Onus of proof a matter of truth and justice

Dr Pita Sharples, Co-leader
15 June 2011

Maori Party Co-leader Dr Pita Sharples has welcomed the call by former Australian Prime Minister Paul Keating for the onus of proof in Aboriginal native title claims to land to be reversed.

“Paul Keating has called for Australian law to presume that Aboriginal customary land titles still exist, unless they are proven to have been extinguished,” said Dr Sharples.

“This is the position that the Maori Party secured in negotiations over the Marine and Coastal Area (Takutai Moana) Act, that the onus of proof should fall on those who say that customary interests have been abolished,” he said.

“It is one of the key differences between the new legislation, and the old Foreshore and Seabed Act – which said Maori had to prove unbroken exercise of customary rights and interests since 1840 to make a claim.

“Unbroken use of foreshore and seabed is very difficult for most hapu to prove, especially if their land adjoining the coast has been confiscated or lost.

“A presumption that customary rights continue unbroken puts the onus on the Crown to prove they have been extinguished. So reversing the burden of proof in the new law was a major victory for the Maori Party.

“Paul Keating said that Australian Native Title Act did not create customary title, it simply confirmed that native title existed before colonisation, and it could be recognised in Australian common law.

In his Lowitja O’Donoghue Oration, Paul Keating praised Lowitja O’Donoghue as an outstanding Aboriginal leader, who saw the opportunity created by the Mabo land rights decision, and who stepped up at a critical moment to lead negotiations with the Australian Federal government to consolidate Aboriginal land rights in the Native Title Act.

“Mr Keating took up the theme of his watershed Redfern Speech in 1992, as Prime Minister of Australia, that recognising the truth of Aboriginal native title to land would lay a foundation of justice for the future,” said Dr Sharples.

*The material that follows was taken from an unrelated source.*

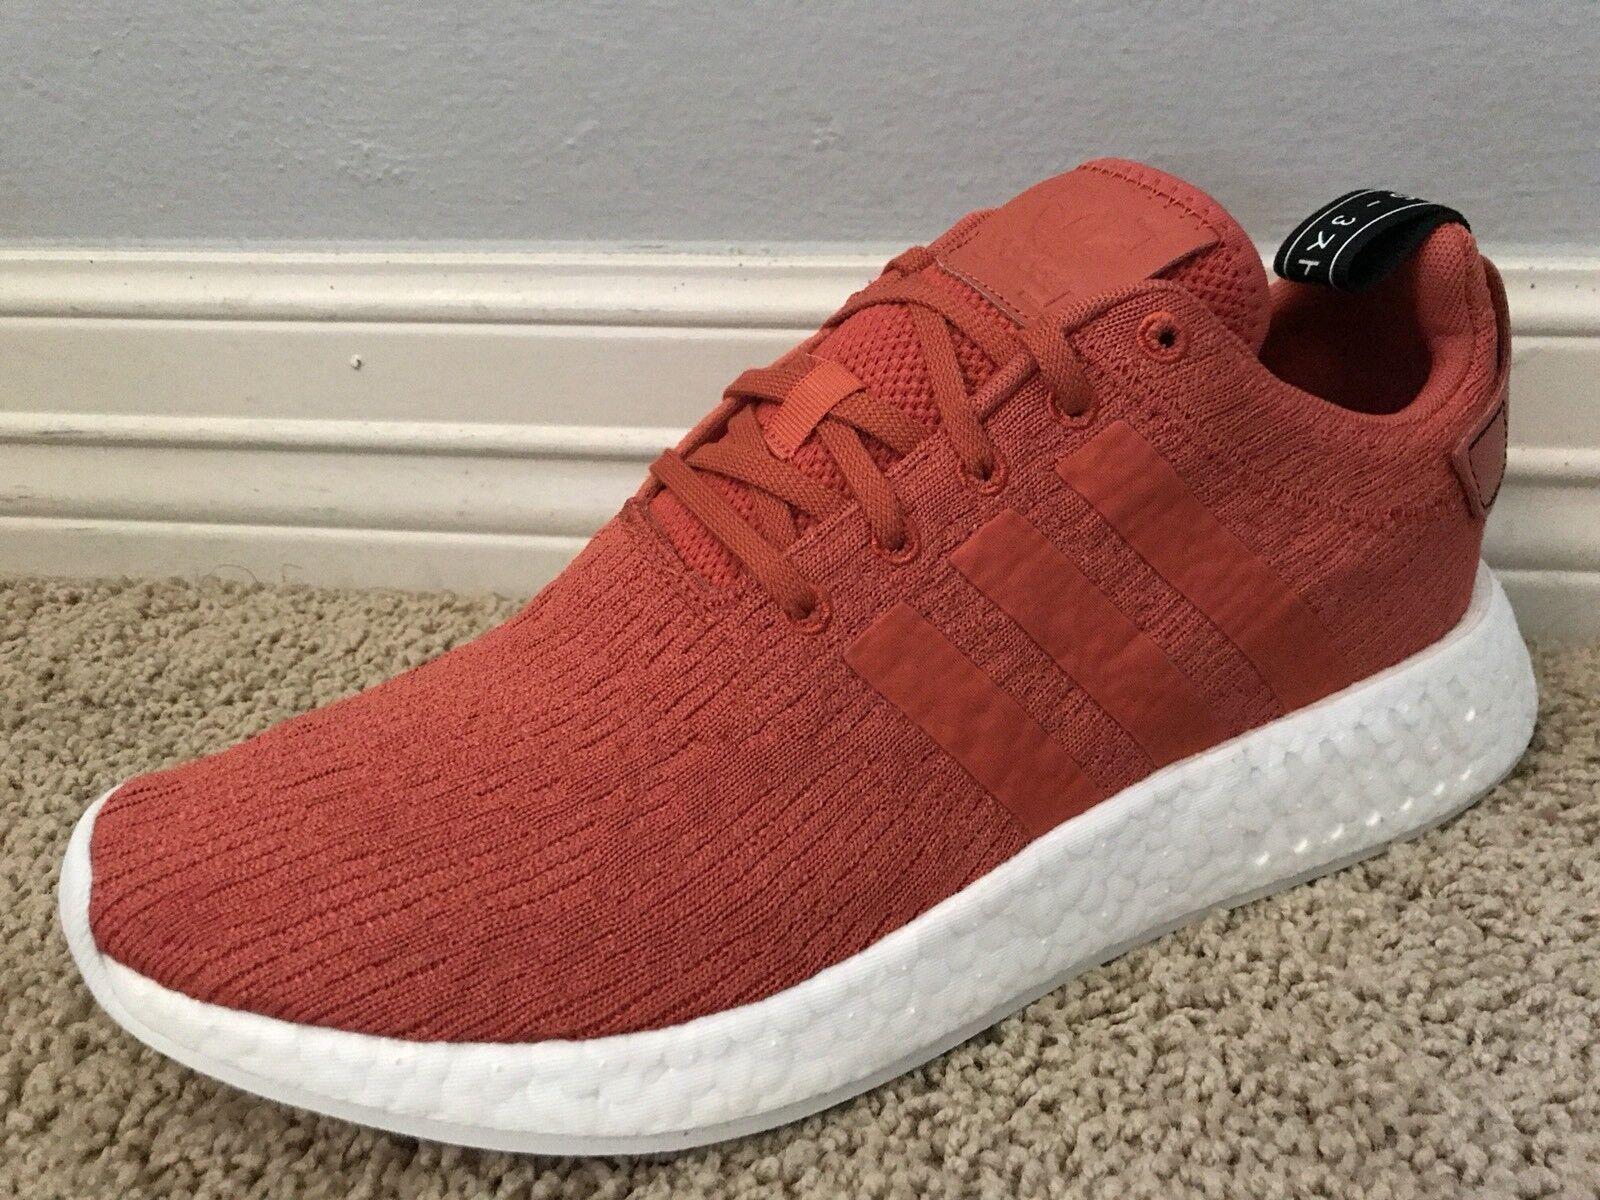 New in box männer adidas nmd r2 zukünftige sz. ernte orangen Turnschuhe schuhe sz. zukünftige a6feb5

“The Maori Party’s view is that removing the injustices of the Foreshore and Seabed Act, including the presumption of Crown title, the abolition of rights of access to the Courts, and an unfair onus of proof, would open the way to further negotiations and future resolution based on truth and justice,” said Dr Sharples.

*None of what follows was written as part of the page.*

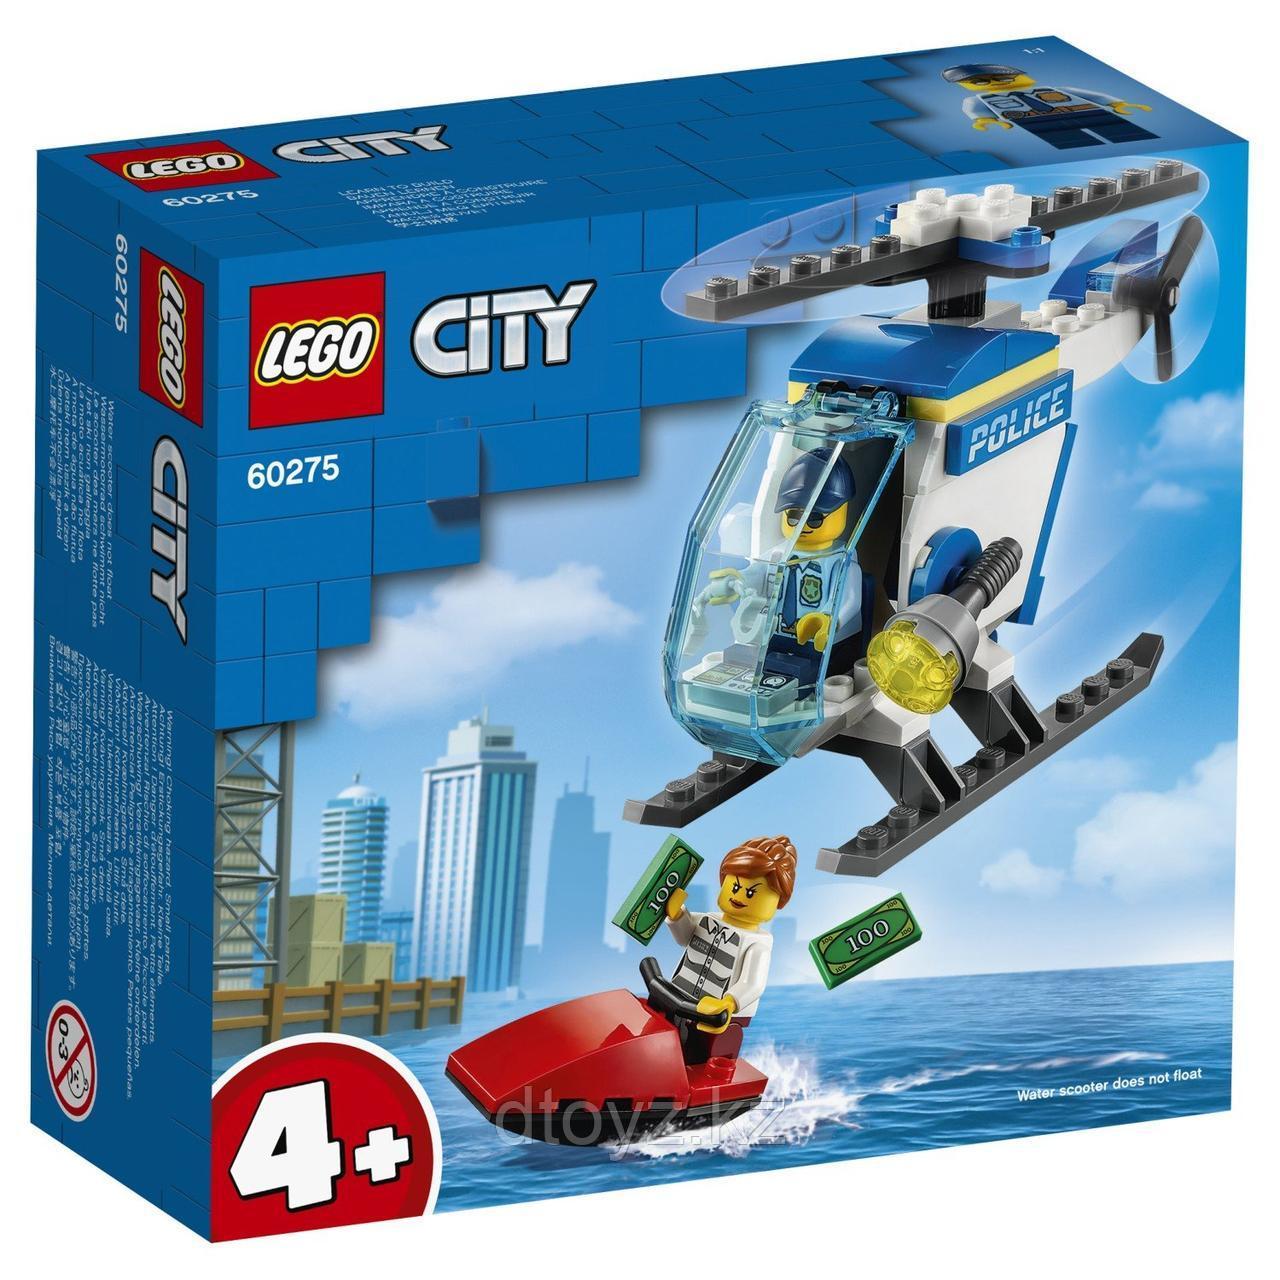 Lego City Полицейский вертолёт 60275

Marine and Coastal Area (Takutai Moana) Act 2011

s106 Burden of proof
• (1) In the case of an application for recognition of protected customary rights in a specified area of the common marine and coastal area, the applicant group must prove that the protected customary right—
o (a) has been exercised in the specified area; and
o (b) continues to be exercised by that group in the same area in accordance with tikanga.
(2) In the case of an application for the recognition of customary marine title in a specified area of the common marine and coastal area, the applicant group must prove that the specified area—o (a) is held in accordance with tikanga; and
o (b) has been used and occupied by the applicant group, either—
(i) from 1840 to the present day; or
(ii) from the time of a customary transfer to the present day.
(3) In the case of every application for a recognition order, it is presumed, in the absence of proof to the contrary, that a customary interest has not been extinguished.